BIC Context Tree Estimation for Stationary Ergodic Processes

  • Authors:
  • Z. Talata;T. E. Duncan

  • Affiliations:
  • Dept. of Math., Univ. of Kansas, Lawrence, KS, USA;-

  • Venue:
  • IEEE Transactions on Information Theory
  • Year:
  • 2011

Quantified Score

Hi-index 754.84

Visualization

Abstract

Context trees of arbitrary stationary ergodic processes with finite alphabets are considered. Such a process is not necessarily a Markov chain, so the context tree may be of infinite depth. Calculated from a sample of size n, the Bayesian information criterion (BIC) is shown to provide a strongly consistent estimator of the context tree of the process, via minimization over hypothetical context trees, without any restriction on the hypothetical context trees.
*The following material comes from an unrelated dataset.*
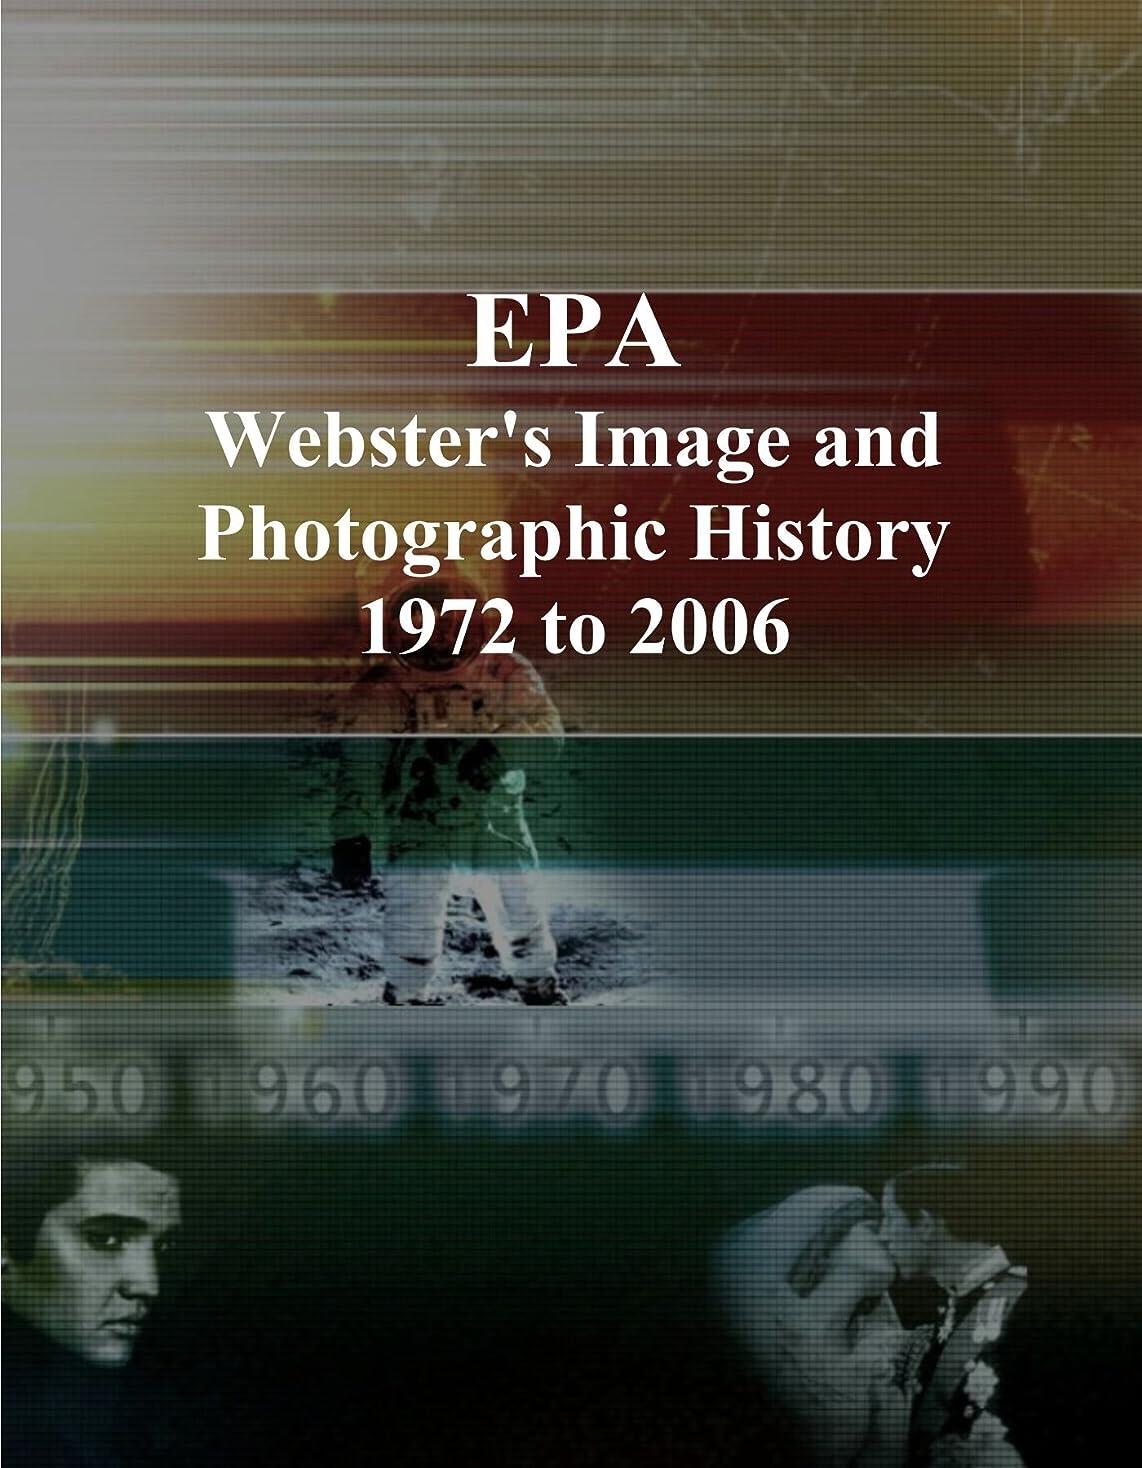 アートタンパク質アドバンテージEPA: Webster's Image and Photographic History, 1972 to 2006

Strong consistency means that the estimated context tree recovers the true one up to a level K, eventually almost surely as n tends to infinity. Under some conditions on the process, it is shown that the recovery level K can grow with n at a specific rate determined by the distribution of the process; thus, the BIC estimator can recover the true context tree to larger and larger depths. The results include for the special case of K being an arbitrary constant that the strong consistency is satisfied without any assumption on the stationary ergodic process, which itself improves the existing results, where either the true context tree was assumed to be of finite depth or the depth of the hypothetical context trees was bounded by o(log n).